> **WORK ITEM**: Look below for the line with "4-Unexpected-Backsplash-Ideas-for-Your-Kitchen-Remodel-11" and the line with "Directors of Discovery"; repeat exactly those two lines and all lines between them, but no pictures.

[RECORDS TO PROCESS — start]

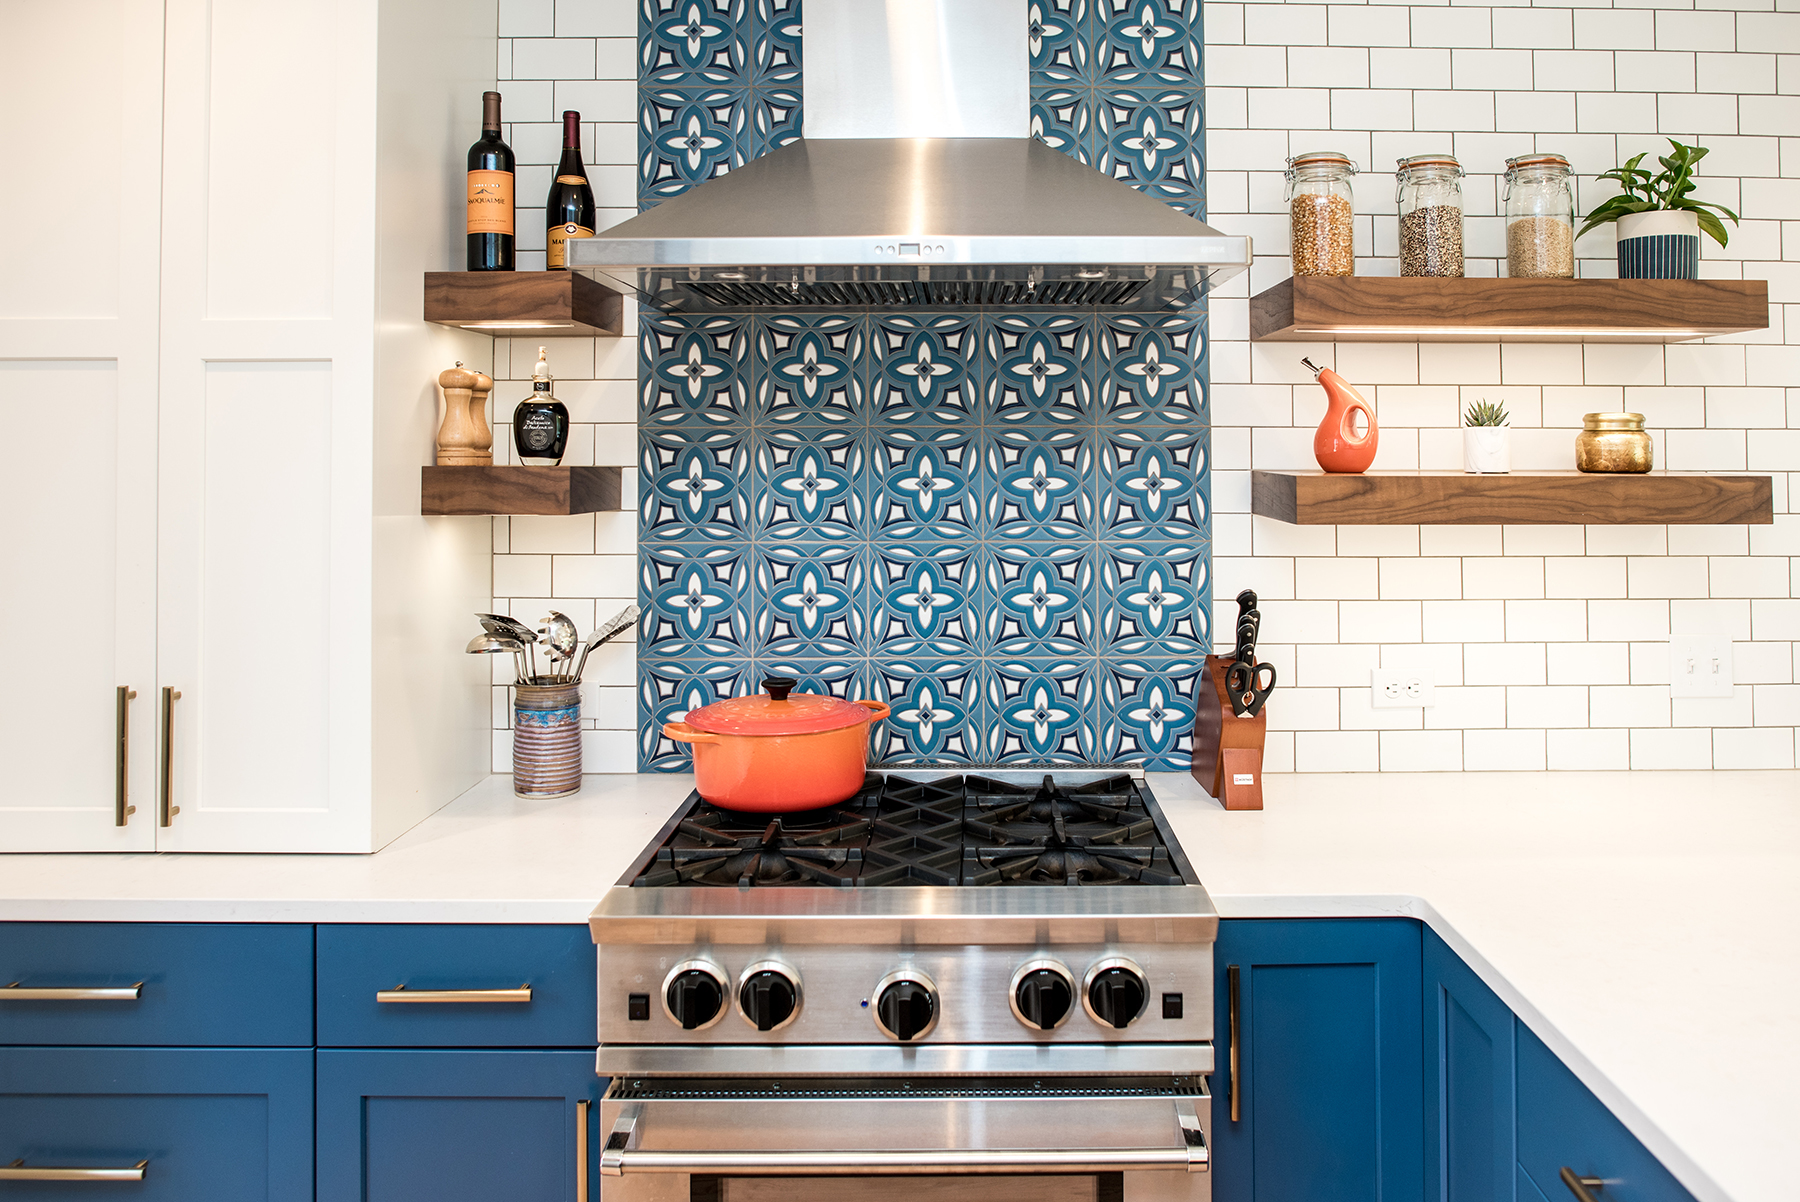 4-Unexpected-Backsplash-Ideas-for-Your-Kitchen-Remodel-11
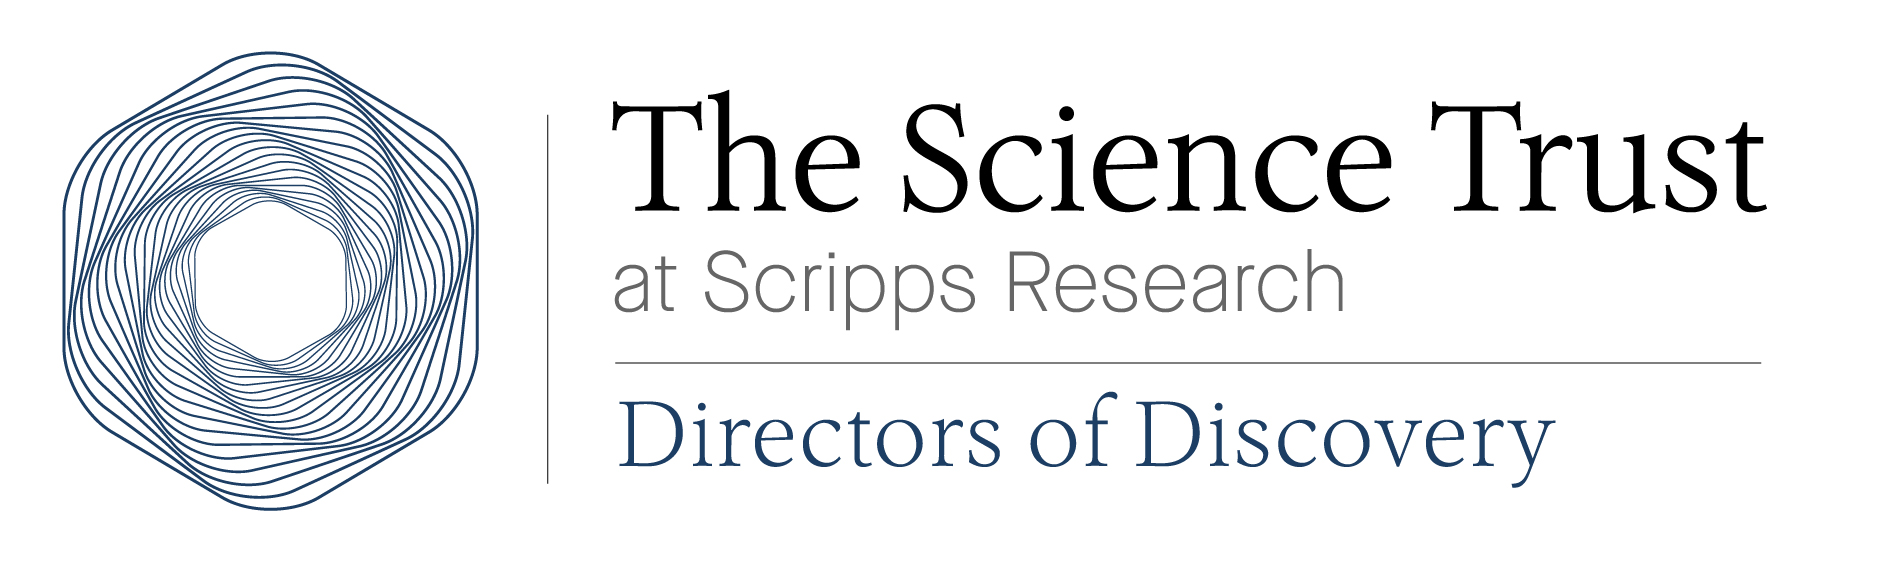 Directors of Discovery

[RECORDS TO PROCESS — finish]
[RECORDS TO PROCESS — start]

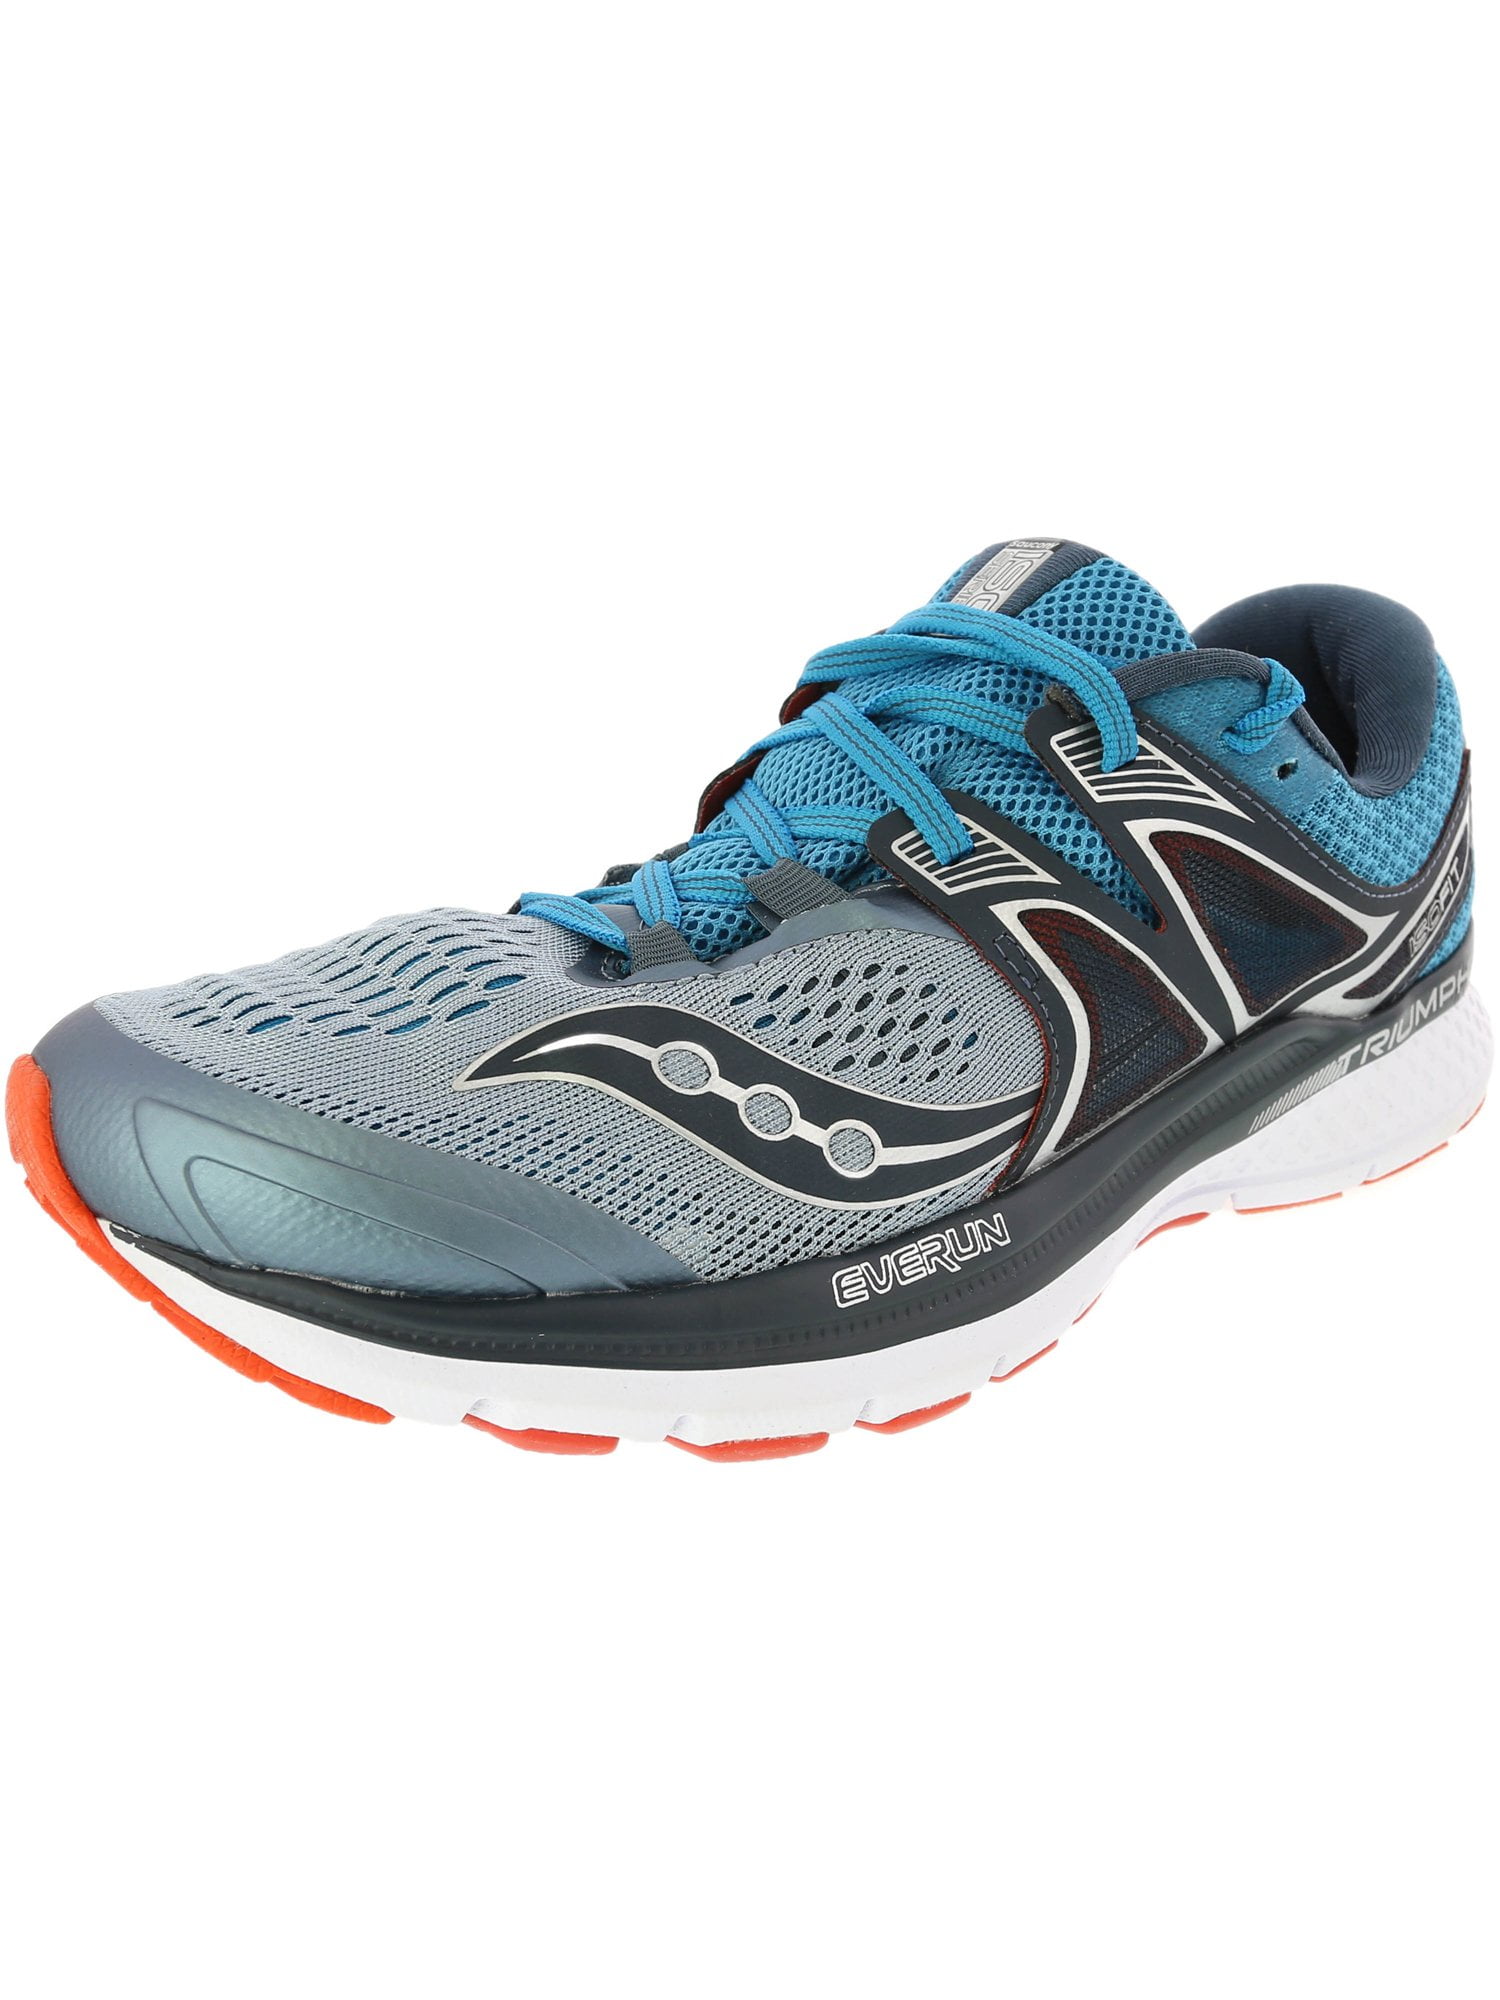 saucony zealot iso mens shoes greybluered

[RECORDS TO PROCESS — finish]

> **ANSWER SECTION**:
 4-Unexpected-Backsplash-Ideas-for-Your-Kitchen-Remodel-11
 Directors of Discovery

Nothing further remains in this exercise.